= Ntombikayise Priscilla Khubeka =

South African freedom fighter (1946-1987)

Ntombikayise (Ntombi) Priscilla Kubheka (1946-1987) was a South African anti-apartheid activist and a member of the armed wing of the ANC, Umkhonto we Sizwe. She died at the age of 41 in 1987 after being abducted and interrogated by the South African security forces due to her role as a co-ordinator for Umkhonto we Sizwe (MK). Kubheka's death was highly disputed during the hearings of the Truth and Reconciliation Commission, in which South African Police officials originally claimed they were not responsible for her death. Her body was exhumed in May 1997, near KwaDukuza, revealing that Kubheka had died of gunshot wounds.

== Disappearance ==

Kubheka lived in KwaMashu, a township north of Durban. She acted as a co-ordinator for externally and internally trained MK members living in KwaMashu. Wanting to obtain information on the arrival of four MK members from Swaziland, Vlakplaas police officers combined their resources with the Durban security branch to infiltrate Kubheka's network. Under the command of Captain Adriaan David Baker working with the Port Natal Security Branch, two C1/Vlakplaas askaris, Simon Radebe and Xola Frank ‘Jimmy’ Mbane, were tasked to make contact with her. Pretending to be MK members, they offered to help her accommodate activists from Swaziland. In May 1987, Mr Mbane drove Ms Kubheka to Battery Beach from where she was abducted by the Port Natal team. She was blindfolded, bound and taken to an abandoned shooting range at Winkelspruit, south of Durban. Still blindfolded, she was then subjected to interrogation by the Port Natal Security Branch. This team consisted of Colonel Andy Taylor, Captain Hentie Botha, Sergeant Laurance ‘Laurie’ Wasserman, Sergeant Cassie van der Westhuizen, Joe Coetzer and Warrant Officer ‘Bossie’ Basson.

== Testimony ==

During amnesty hearings conducted by the Truth and Reconciliation Commission, contrasting details surrounding Kubheka's death were given by those involved in her death . Captain Botha stated the interrogation was conducted largely in Zulu by Colonel Taylor, during which he struck Ms Kubheka across the back with a sjambok. According to Captain Botha, this was not a severe assault but intended to convey the gravity of the situation and persuade her to co-operate with them. Captain Botha testified that the interrogation lasted approximately fifteen to twenty minutes and that Taylor struck her approximately ten to fifteen times with a sjambok. Sergeant van der Westhuizen's testimony suggests that the interrogation lasted an hour. Both of these accounts were disputed by Mbane who alleged that the interrogation lasted for approximately two hours, during which he could hear her screams of pain from outside. Botha and other applicants testified that, during the course of the interrogation, Ms Kubheka agreed to co-operate with them but that she suddenly died of a heart attack. They claimed she grabbed her chest and fell over, experiencing a heart attack due to her being overweight.
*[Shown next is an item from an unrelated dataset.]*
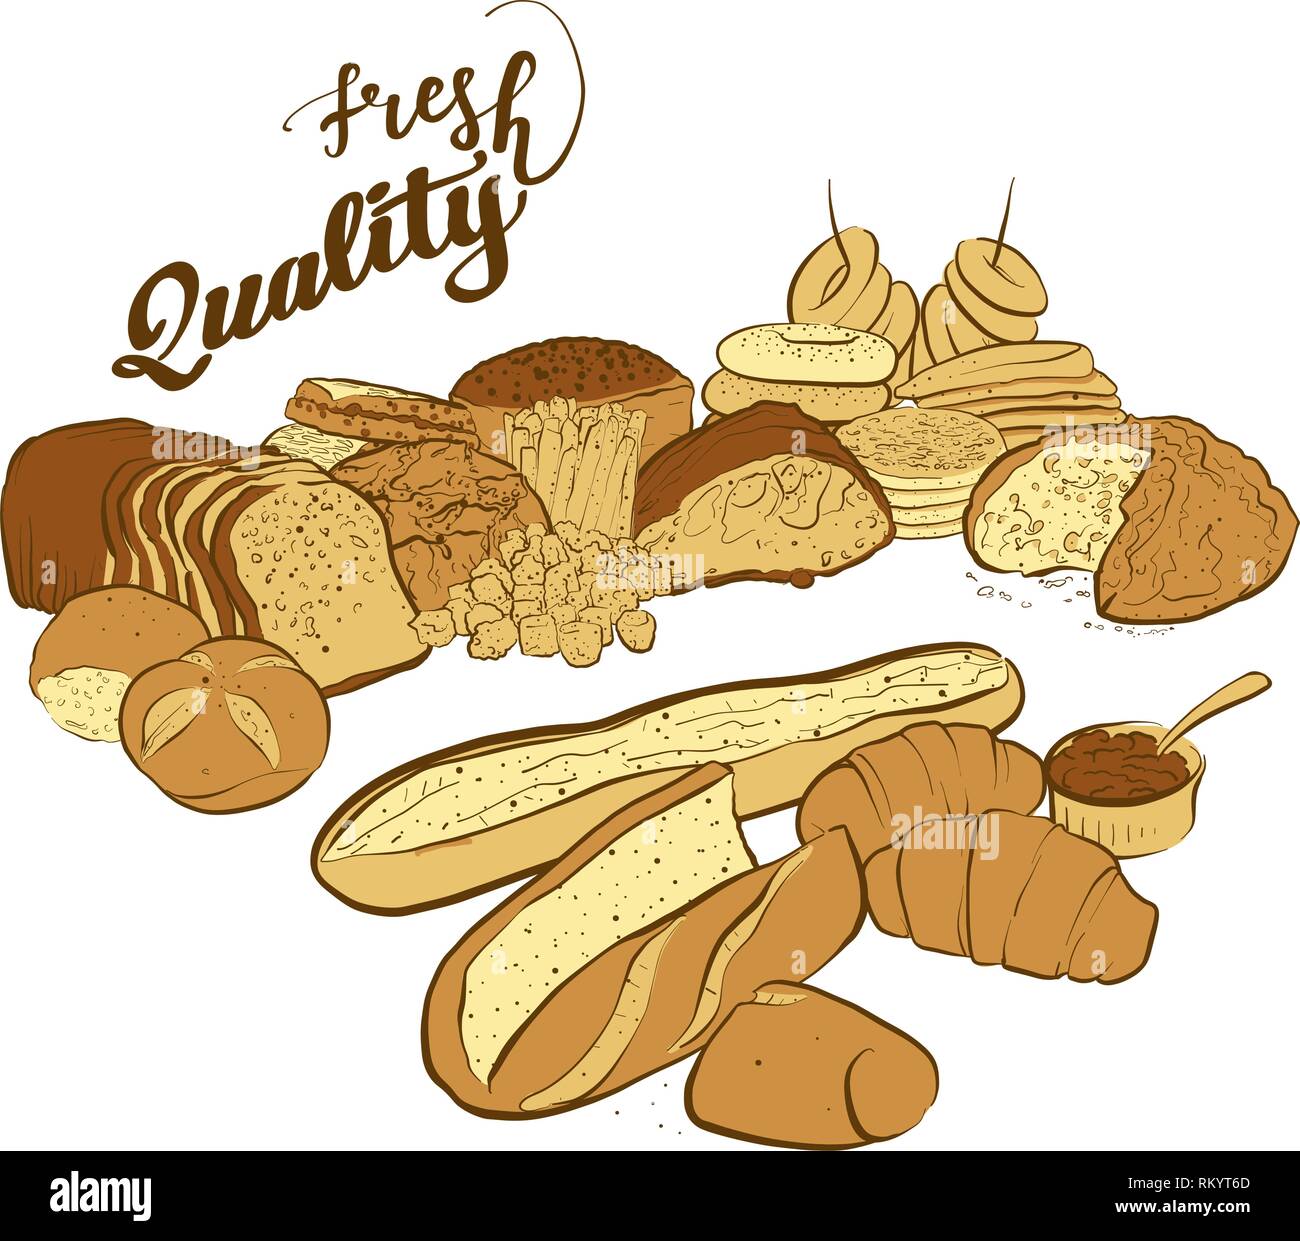 set of breads with fresh quality title, hand-drawn vector sketch Stock Vector

Ms Kubheka's dead body was dumped near the Bhambayi informal settlement, some distance away from her home by Sergeants Wasserman and Salman Gerhardus du Preez. Captain Botha established that her family was unaware of her death and appeared to believe that she had gone into exile. It was subsequently rumoured that she had left the country for Mozambique because of the attentions of the Security Branch.

== Exhumation ==

These claims of the details surrounding Kubheka's death were seriously challenged by Kubheka's family. They contended that the police shot her in the head before dumping her body, which was confirmed following the exhumation of her body. The TRC's Investigative Unit exhumed remains believed to be Ms Kubheka's from a pauper's grave at Charlottedale Cemetery, KwaDukuza in May 1997. The applicants charged that the wrong body had been exhumed. In the post-mortem examination, a pathologist concluded that the remains matched those of Ntombi Kubheka. A spent 7.65mm bullet was found in the skull, indicating that she had been shot in the head. An attempt to use DNA testing from samples of bone and teeth failed as these had deteriorated and could not be used for DNA typing. The skull was sent to the University of Glasgow, which made a positive facial identification of the skull. Challenging these findings, the applicants demanded that another expert examine the skull. A report by the South African Police Service Forensic Science Laboratory in Pretoria further confirmed that the skull belonged to Ntombi Kubheka. The applicants did not challenge these conclusions, although they continued to contest the results of the investigation.

The six members of the Port Natal Security Branch, Radebe and Baker applied for amnesty for their role in the abduction, death and subsequent disposal of the body of Ms Kubheka. Applicants Botha, Du Preez, Wasserman and Van de Westhuizen were refused amnesty for failing to make full disclosure. Colonel Taylor died before his amnesty hearing. Applicants Radebe and Baker, who had not been present during the interrogation or involved in the disposal of the body, were granted amnesty for her abduction. Mr Mbane did not apply for amnesty.